Hector Avalos
Hector Avalos | |
---|---|
Born | Nogales, Sonora, Mexico | October 8, 1958
Died | April 12, 2021 | (aged 62)
Known for | Biblical studies; Religious Studies |
Academic work | |
Institutions | Iowa State University |
Hector Avalos (October 8, 1958 – April 12, 2021) was a professor of Religious Studies at Iowa State University, a cultural anthropologist, and the author of several books on religion.[1][2] Avalos was an atheist and advocate of secular humanist ethics.[3][4]
Biography
[edit]Avalos was born in Mexico, in Nogales, just south of the Mexico–United States border.[5] As a child he was a fundamentalist Pentecostal preacher, child evangelist, and faith healer, and became so interested in the Bible that he immersed himself in Biblical Hebrew.[6] In 1982, Avalos obtained a Bachelor of Arts from the University of Arizona, then he attended Harvard Divinity School, where he obtained a Master of Theological Studies degree in 1985. Finally, he obtained a Doctor of Philosophy in Hebrew Bible and Near Eastern Studies from Harvard University in 1991.[1]

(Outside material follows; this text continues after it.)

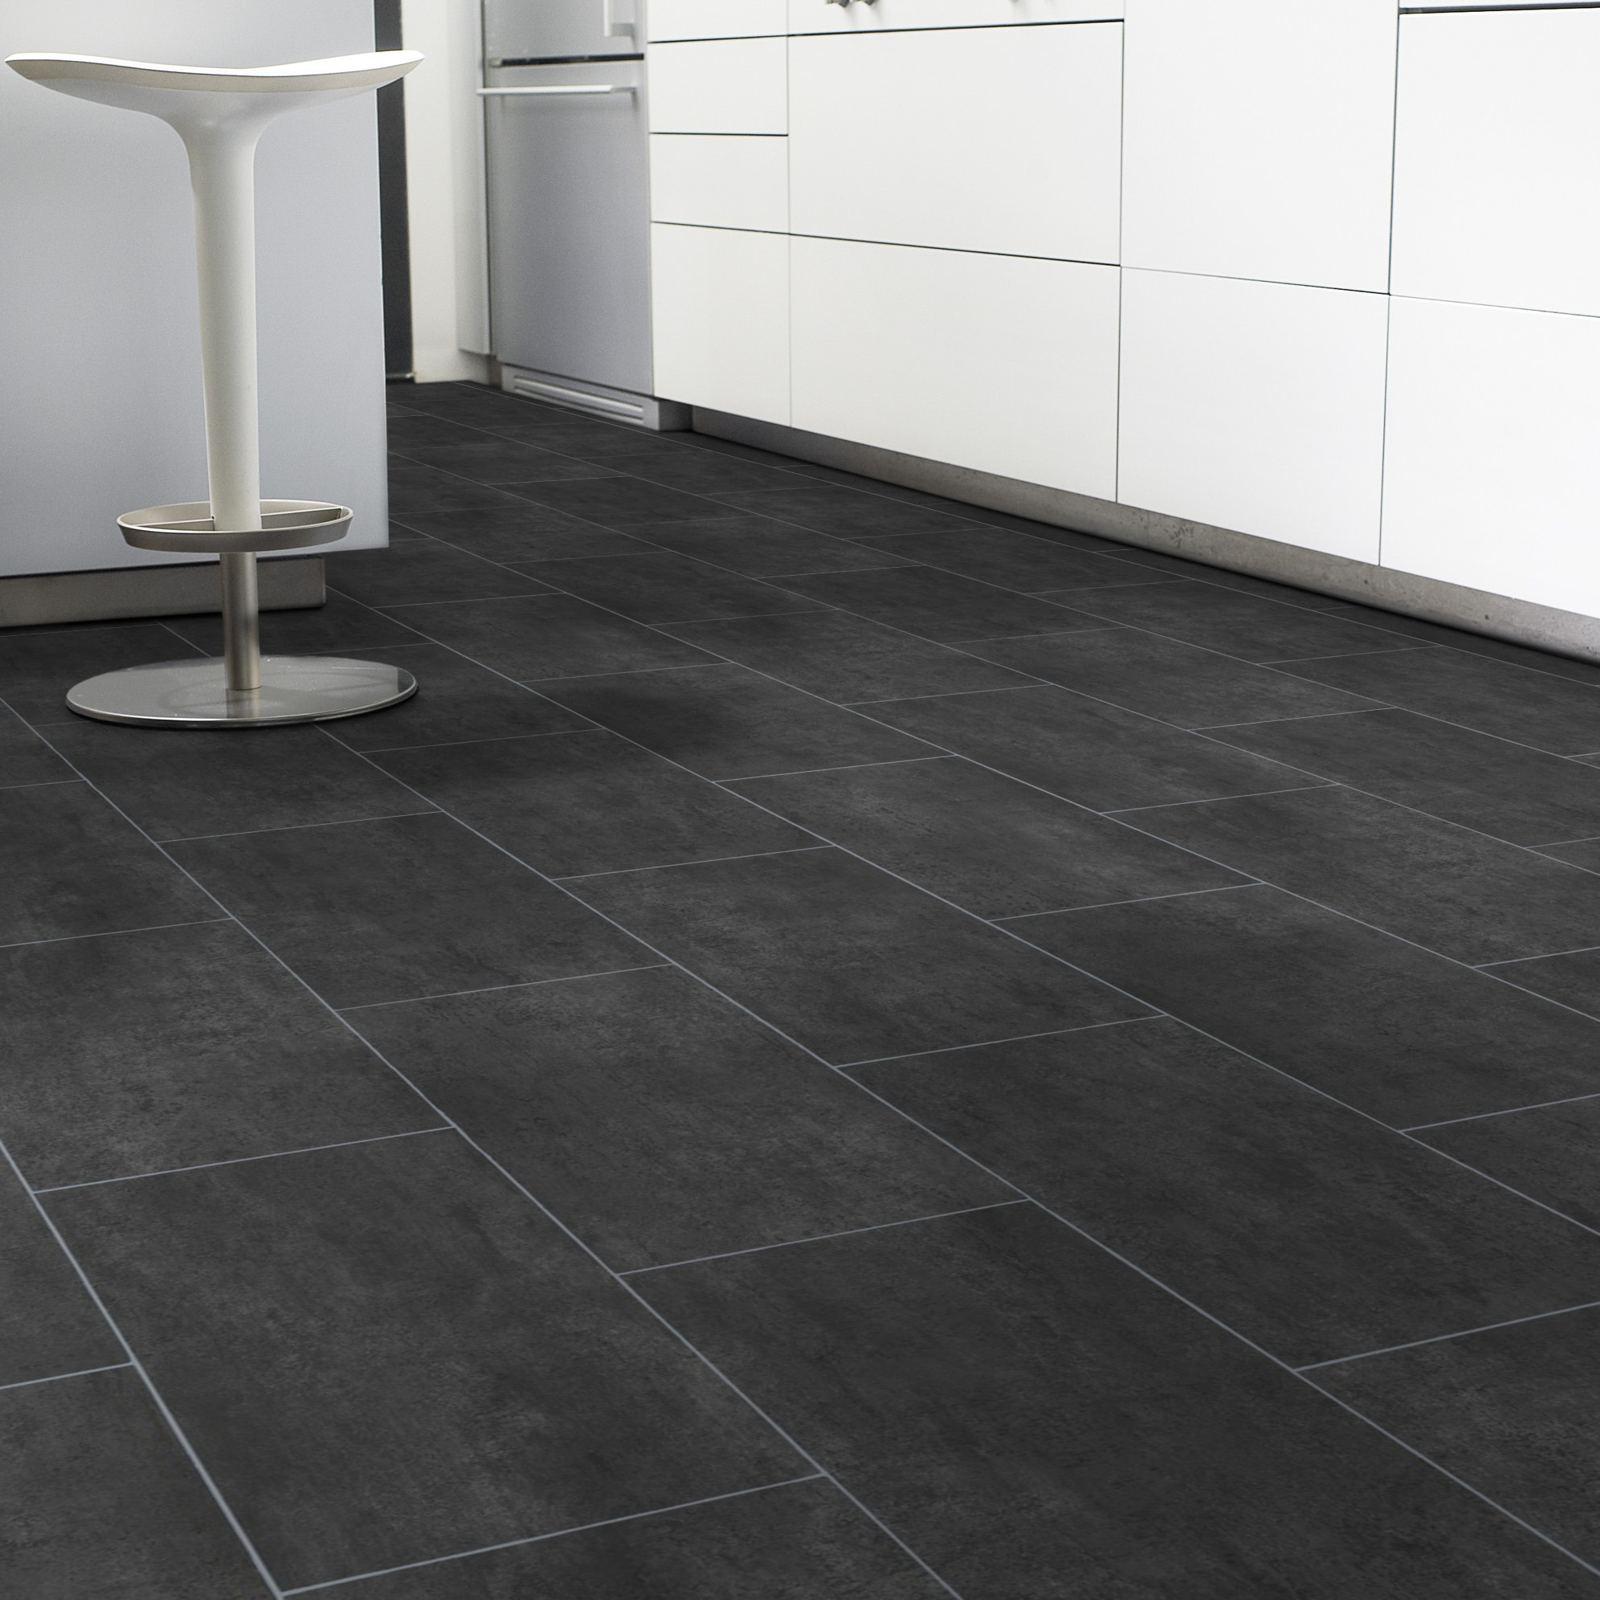 pvc bodenbelag fliese schwarz melbourne noir fliese stein pvc cv bel ge design pvc vinyl. Black Bedroom Furniture Sets. Home Design Ideas

Avalos arrived at Iowa State University in the Fall of 1993 after completing a postdoctoral fellowship (1991–93) in the departments of Anthropology and Religious Studies at the University of North Carolina at Chapel Hill.[1] In 1994, Avalos founded and later became the first director of the US Latino/Latina Studies Program at Iowa State University. The program is dedicated to teaching courses about U.S. Latinos, who are defined as people living in the U.S. who trace their roots to the Spanish-speaking countries of Latin America.[7][8]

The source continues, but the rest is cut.